EXERCISE PROMPT
Using the records below, quote only the span that opens with the line containing "Womens RDNKN Racerback Tank - rdnkn.ca" and closes with the line containing "8642 - Nguyễn Hải Long", exactly and inclusively.

Data entries:
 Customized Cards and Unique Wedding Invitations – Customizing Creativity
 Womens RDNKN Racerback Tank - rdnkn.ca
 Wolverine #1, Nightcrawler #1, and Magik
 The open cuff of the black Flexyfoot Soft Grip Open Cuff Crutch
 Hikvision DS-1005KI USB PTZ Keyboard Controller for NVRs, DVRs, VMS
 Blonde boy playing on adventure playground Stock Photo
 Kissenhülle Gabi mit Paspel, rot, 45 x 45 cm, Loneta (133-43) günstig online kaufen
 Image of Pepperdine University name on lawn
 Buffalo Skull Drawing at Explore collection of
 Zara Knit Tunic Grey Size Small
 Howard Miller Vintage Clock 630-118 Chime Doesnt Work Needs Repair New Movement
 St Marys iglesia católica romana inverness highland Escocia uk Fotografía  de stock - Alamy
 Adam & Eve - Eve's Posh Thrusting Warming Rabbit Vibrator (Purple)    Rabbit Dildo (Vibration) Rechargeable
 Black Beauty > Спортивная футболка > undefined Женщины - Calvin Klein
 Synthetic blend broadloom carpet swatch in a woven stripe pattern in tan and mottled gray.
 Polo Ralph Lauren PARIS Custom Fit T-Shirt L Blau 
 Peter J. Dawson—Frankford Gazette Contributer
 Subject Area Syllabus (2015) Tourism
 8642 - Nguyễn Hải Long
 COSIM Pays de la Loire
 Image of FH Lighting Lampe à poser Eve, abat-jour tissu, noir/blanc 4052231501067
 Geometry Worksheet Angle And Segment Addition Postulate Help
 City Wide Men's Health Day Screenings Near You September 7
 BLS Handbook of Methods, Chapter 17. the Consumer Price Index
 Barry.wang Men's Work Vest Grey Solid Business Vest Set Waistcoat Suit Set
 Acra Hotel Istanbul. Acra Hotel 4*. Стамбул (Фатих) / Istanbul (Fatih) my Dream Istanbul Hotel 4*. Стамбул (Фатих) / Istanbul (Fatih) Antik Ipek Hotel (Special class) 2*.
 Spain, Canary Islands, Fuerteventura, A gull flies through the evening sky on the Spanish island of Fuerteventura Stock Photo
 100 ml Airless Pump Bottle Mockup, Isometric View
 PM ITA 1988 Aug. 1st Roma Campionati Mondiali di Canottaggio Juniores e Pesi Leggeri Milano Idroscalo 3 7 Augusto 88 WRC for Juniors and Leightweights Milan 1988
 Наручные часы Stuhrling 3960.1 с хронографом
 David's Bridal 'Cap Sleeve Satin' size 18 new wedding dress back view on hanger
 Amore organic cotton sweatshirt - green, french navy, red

TASK SOLUTION
 Womens RDNKN Racerback Tank - rdnkn.ca
 Wolverine #1, Nightcrawler #1, and Magik
 The open cuff of the black Flexyfoot Soft Grip Open Cuff Crutch
 Hikvision DS-1005KI USB PTZ Keyboard Controller for NVRs, DVRs, VMS
 Blonde boy playing on adventure playground Stock Photo
 Kissenhülle Gabi mit Paspel, rot, 45 x 45 cm, Loneta (133-43) günstig online kaufen
 Image of Pepperdine University name on lawn
 Buffalo Skull Drawing at Explore collection of
 Zara Knit Tunic Grey Size Small
 Howard Miller Vintage Clock 630-118 Chime Doesnt Work Needs Repair New Movement
 St Marys iglesia católica romana inverness highland Escocia uk Fotografía  de stock - Alamy
 Adam & Eve - Eve's Posh Thrusting Warming Rabbit Vibrator (Purple)    Rabbit Dildo (Vibration) Rechargeable
 Black Beauty > Спортивная футболка > undefined Женщины - Calvin Klein
 Synthetic blend broadloom carpet swatch in a woven stripe pattern in tan and mottled gray.
 Polo Ralph Lauren PARIS Custom Fit T-Shirt L Blau 
 Peter J. Dawson—Frankford Gazette Contributer
 Subject Area Syllabus (2015) Tourism
 8642 - Nguyễn Hải Long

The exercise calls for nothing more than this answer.